At UN General Assembly meeting devoted to anti-Semitism, speakers challenge world to take action to counter the rising hatred of Jews.
February 10, 2015 By: Edith M. Lederer
French philosopher Bernard-Henri Levy challenged the world at the first-ever UN General Assembly meeting devoted to anti-Semitism to take action to counter the rising hatred of Jews, which he denounced as “radical inhumanity.”
In a keynote address, Levy decried that “faulting the Jews is once again becoming the rallying cry of a new order of assassins.”
The United Nations was established on the ashes of the Holocaust after the Second World War, and one reason was to fight the “plague” of anti-Semitism, Levy noted. He called for new arguments to counter Holocaust deniers and those who deny Israel’s legitimacy.
“It is up to you who are the faces of the world to be the architects of a house in which the mother of all hates would see its place reduced,” said Levy, who is Jewish. “May you in a year’s time, and in years after that and every other year, reconvene to observe that the mobilization of today was not in vain.”
The assembly meeting was held in response to the global increase in violence against Jews and was scheduled before the killing of four French Jews at a kosher market during three days of terror in Paris earlier this month.
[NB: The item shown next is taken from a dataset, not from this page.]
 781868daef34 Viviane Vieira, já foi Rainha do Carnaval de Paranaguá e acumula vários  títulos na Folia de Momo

Paris was just the latest attack to raise fears among European Jews, following killings at a Belgian Jewish Museum and a Jewish school in southwestern France.
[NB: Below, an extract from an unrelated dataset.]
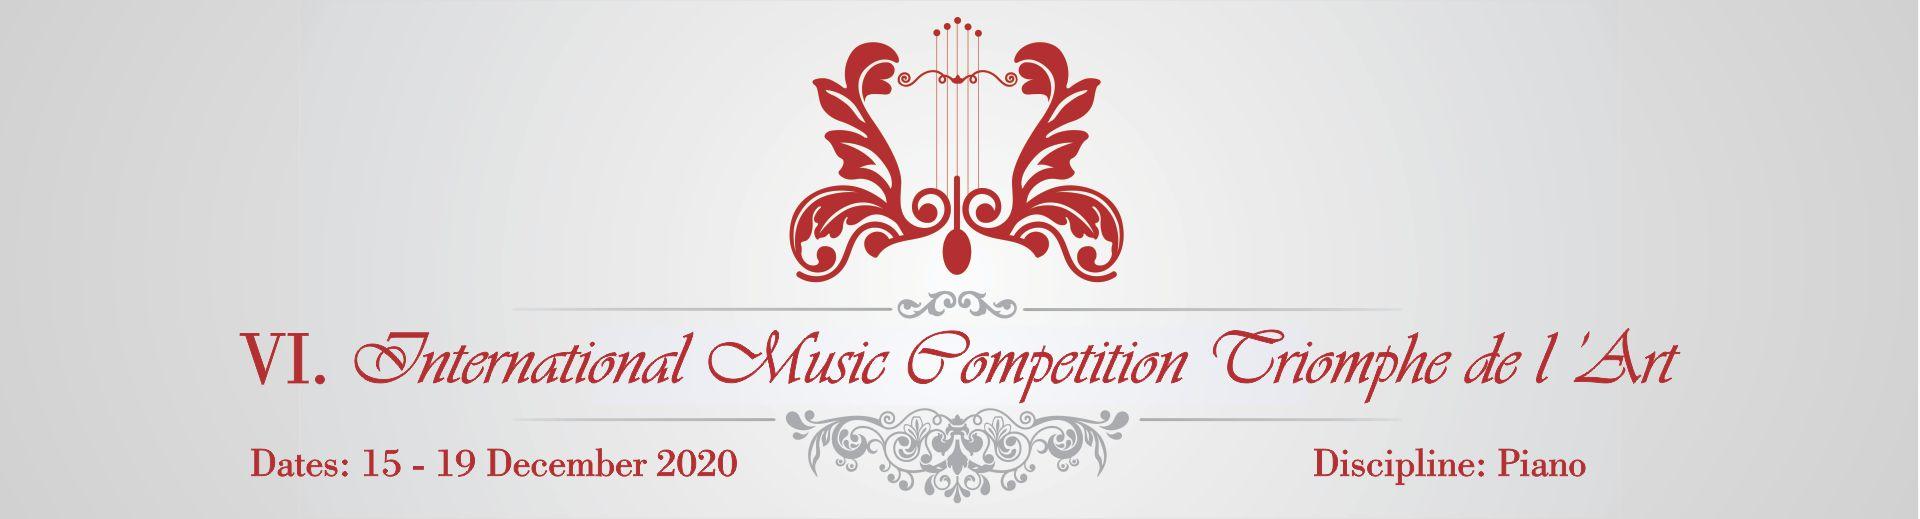 VI. International Music Competition Triomphe de l'Art

U.S. Ambassador Samantha Power urged the world to stand up against anti-Semitism and take action to end “this monstrous global problem.”
“When the human rights of Jews are repressed, the rights of other religious and ethnic groups are often not far behind,” she warned.
German Minister of State for Europe Michael Roth warned that “anti-Semitism is gaining ground in a loud and aggressive manner” and posed a threat to society as a whole.
Because of Germany’s role in the Holocaust, he said, his country will always be in the forefront of fighting anti-Semitism and pursuing “a zero-tolerance policy.”
A surprise speaker was Saudi Arabia’s UN Ambassador Abdallah Al-Moualimi, who spoke on behalf of the 57-nation Organization of Islamic Cooperation and told the meeting that Islamic countries condemn all words and acts that lead “to hatred, anti-Semitism, Islamaphobia.”
“We have witnessed with growing concern the increase in hate crimes around the world, and we are very concerned because some arbitrarily reject their responsibilities in this regard,” Al-Moualimi said. “Anti-Semitism and Islamaphobia and all crimes that are based on religious hate are inextricably linked, they’re inseparable.”
The UN meeting was informal, and about half the 193-member states did not attend, but nearly 50 countries were slated to speak.